§ WHAT THE EXERCISE ASKS: With images removed, return the whole listing exactly as written.

§ INPUT DATA:
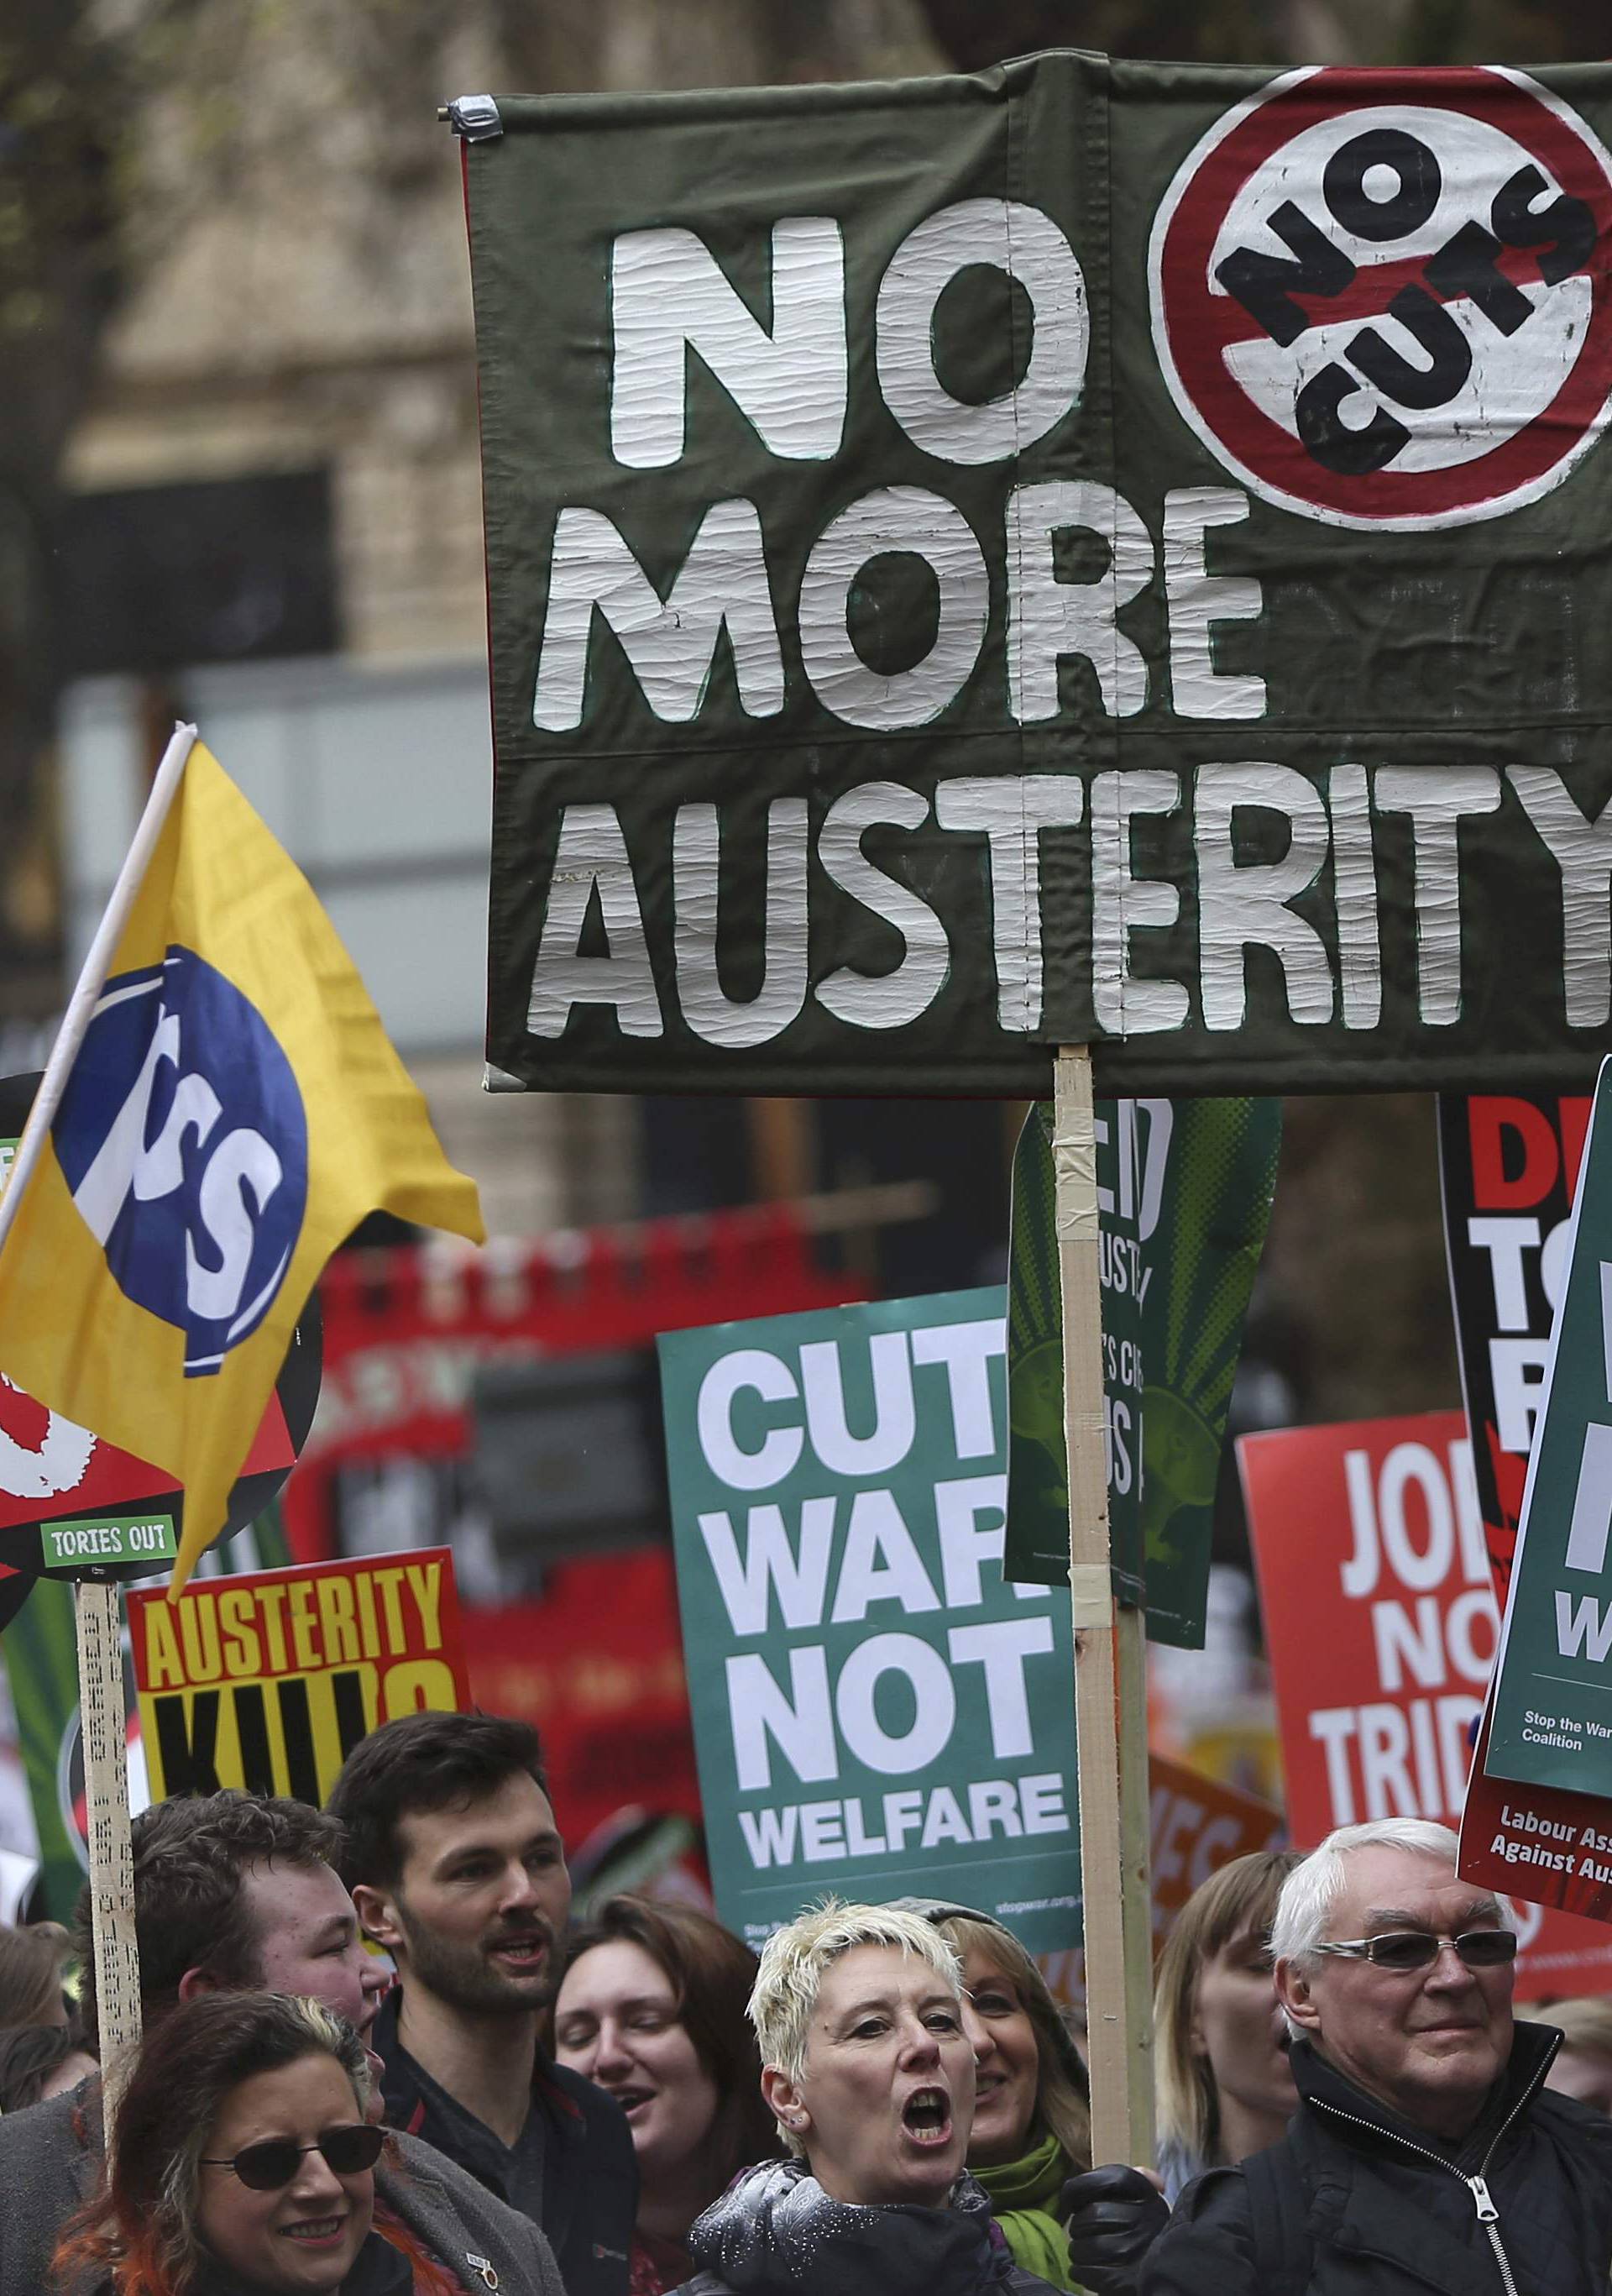 Demonstrators hold placards during an anti-austerity protest in London
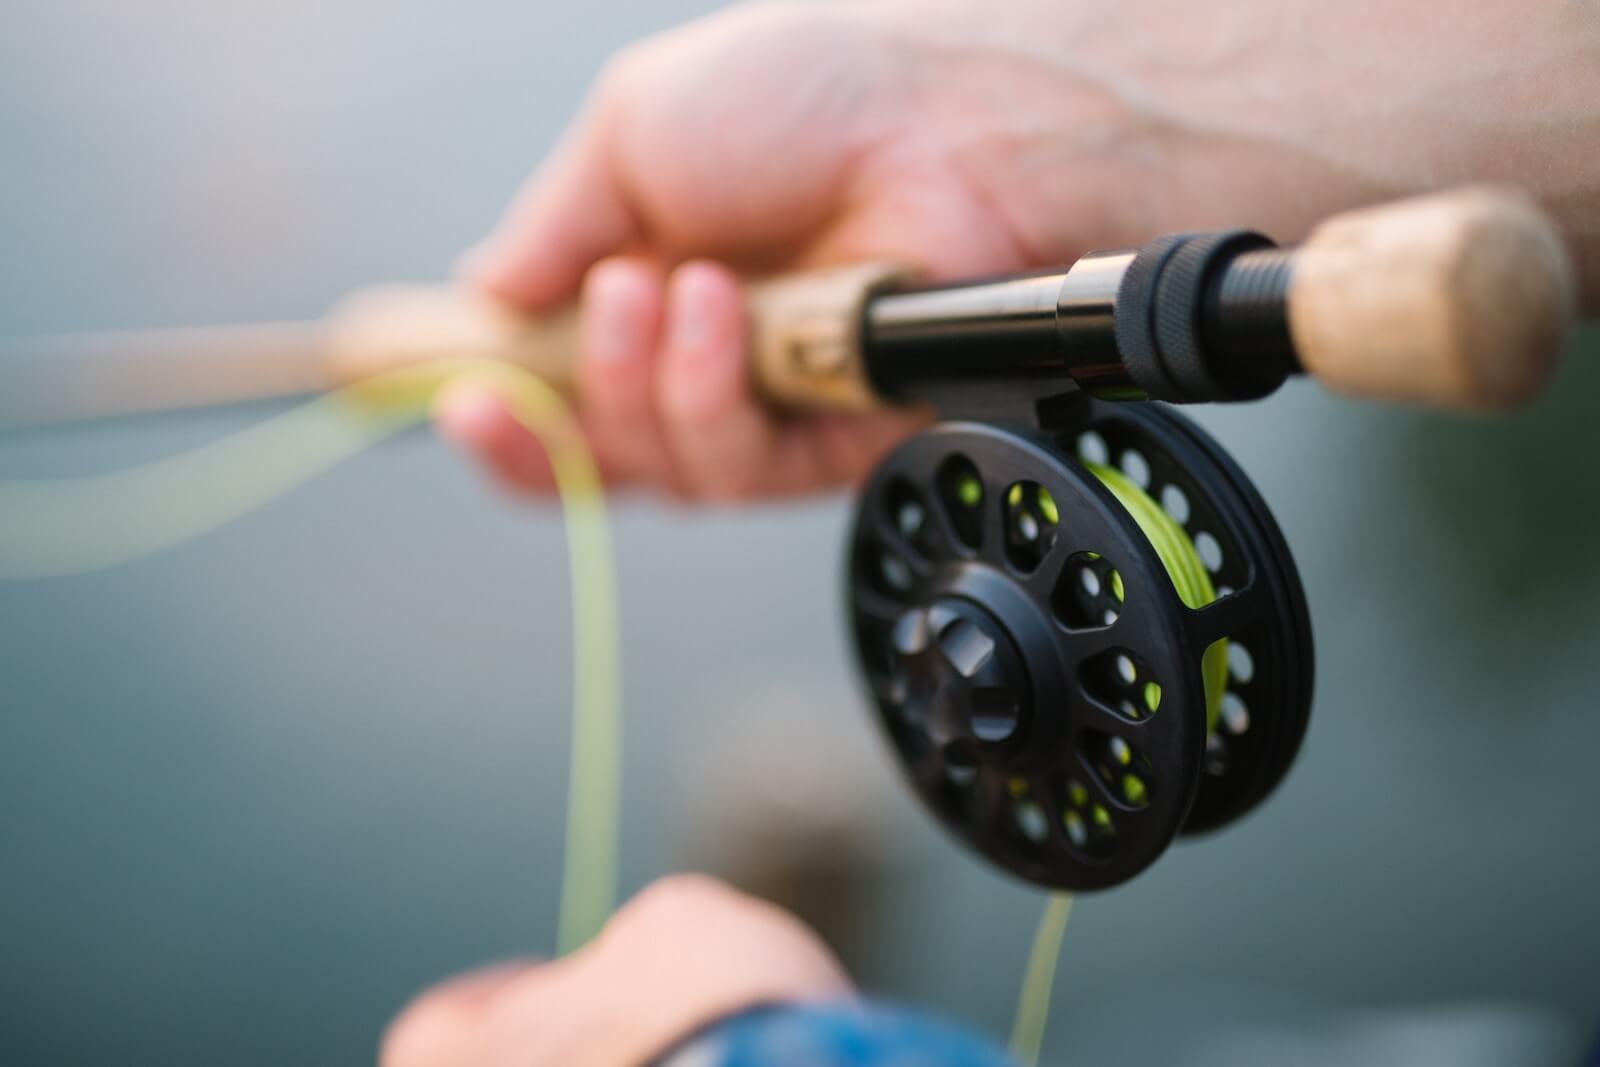 Best Fly Fishing Rods: Top 5 Poles Most Recommended By Experts - Study Finds
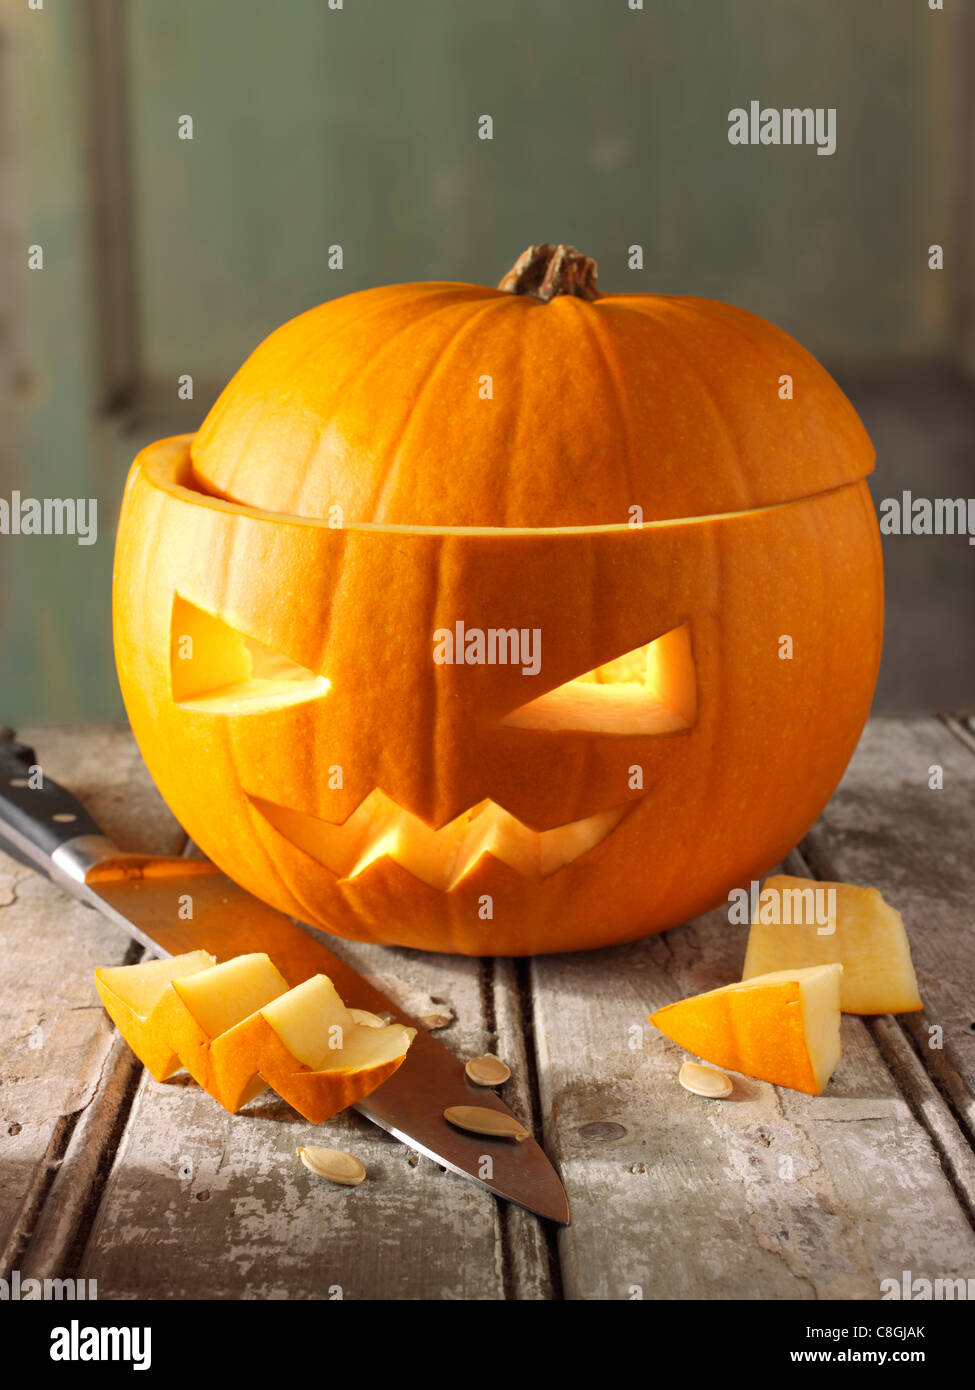 Pumpkin with a traditional Haloween carved face Stock Photo
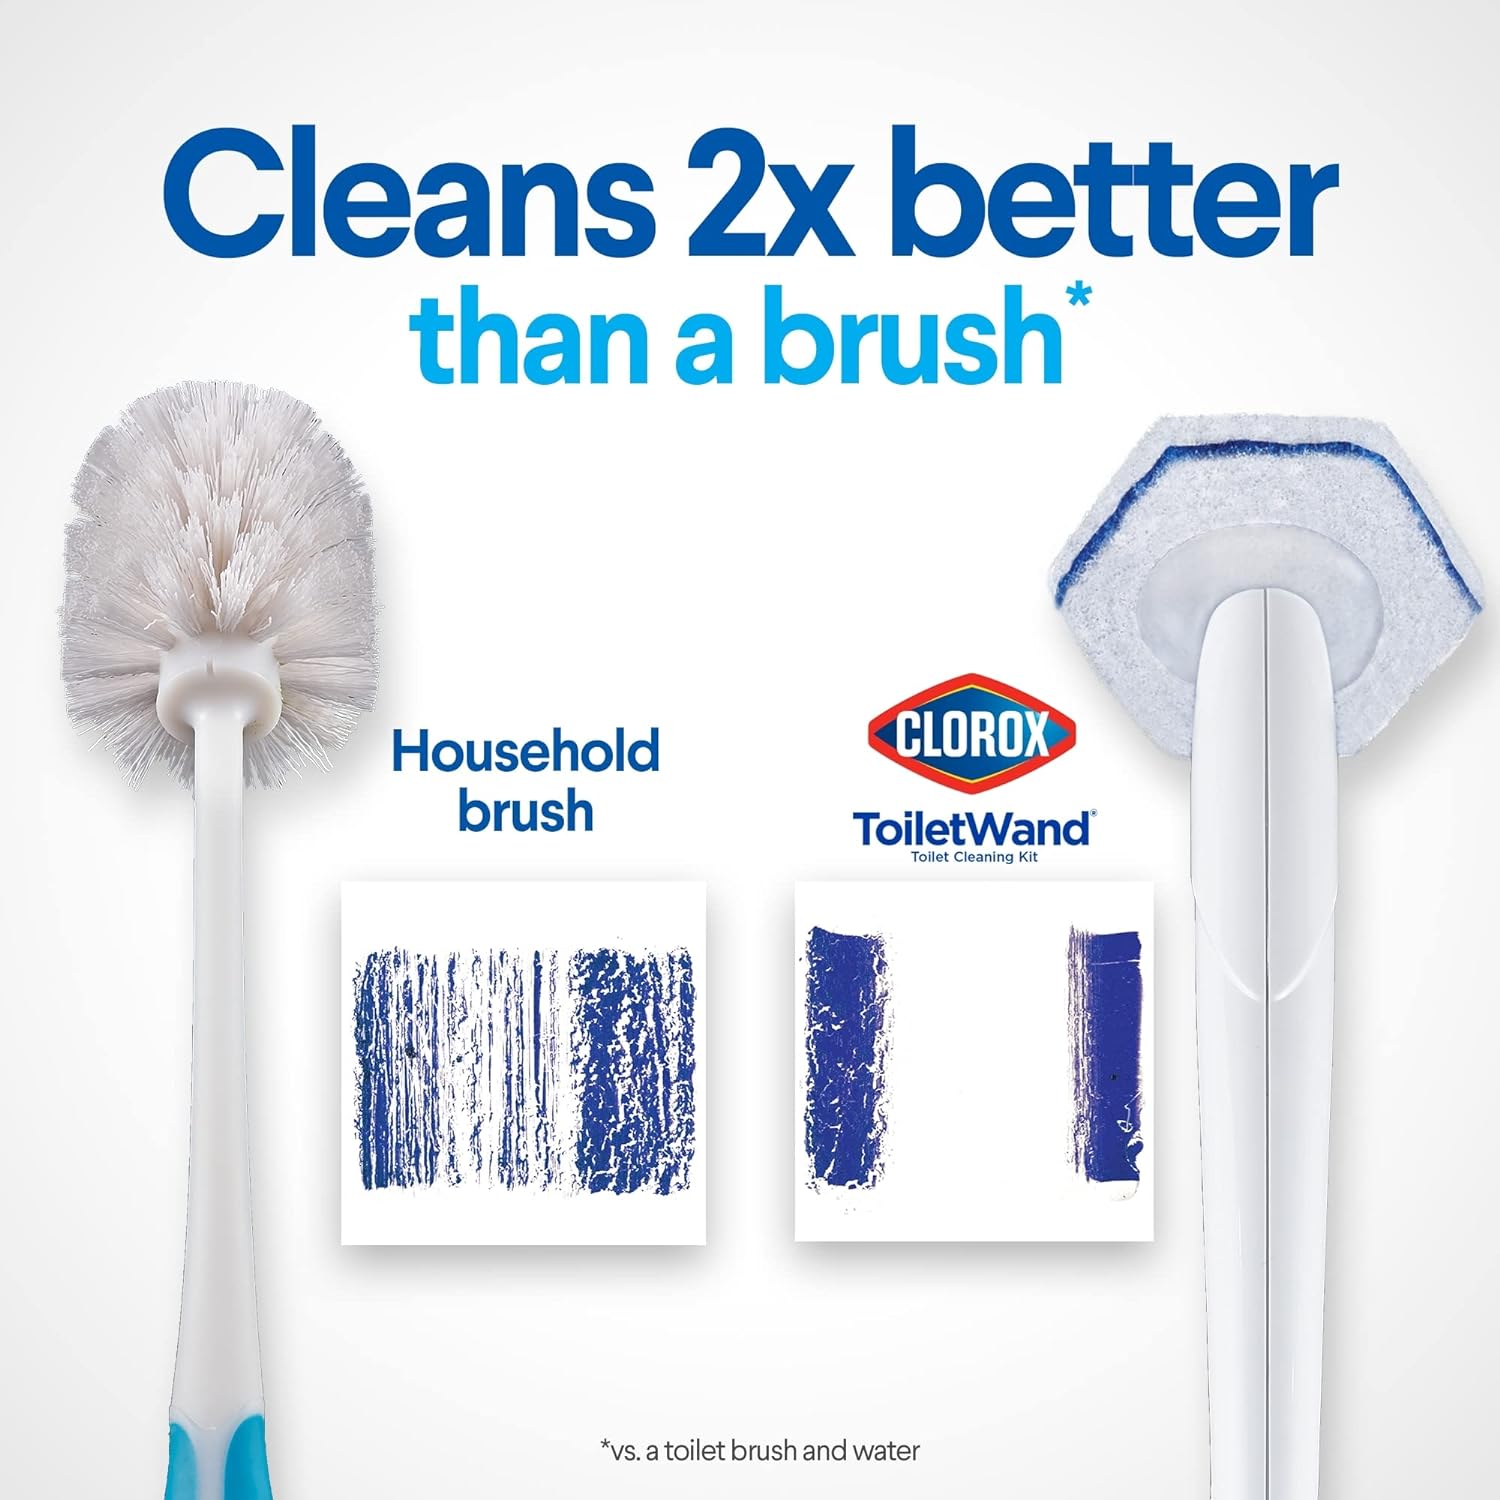 Clorox ToiletWand Disposable Toilet Cleaning Kit, Brush, Bathroom Cleaning System with Storage Caddy and 6 Disinfecting Refill Heads (Package May Vary)

§ SOLUTION FOR THIS PROBLEM:
 Demonstrators hold placards during an anti-austerity protest in London
 Best Fly Fishing Rods: Top 5 Poles Most Recommended By Experts - Study Finds
 Pumpkin with a traditional Haloween carved face Stock Photo
 Clorox ToiletWand Disposable Toilet Cleaning Kit, Brush, Bathroom Cleaning System with Storage Caddy and 6 Disinfecting Refill Heads (Package May Vary)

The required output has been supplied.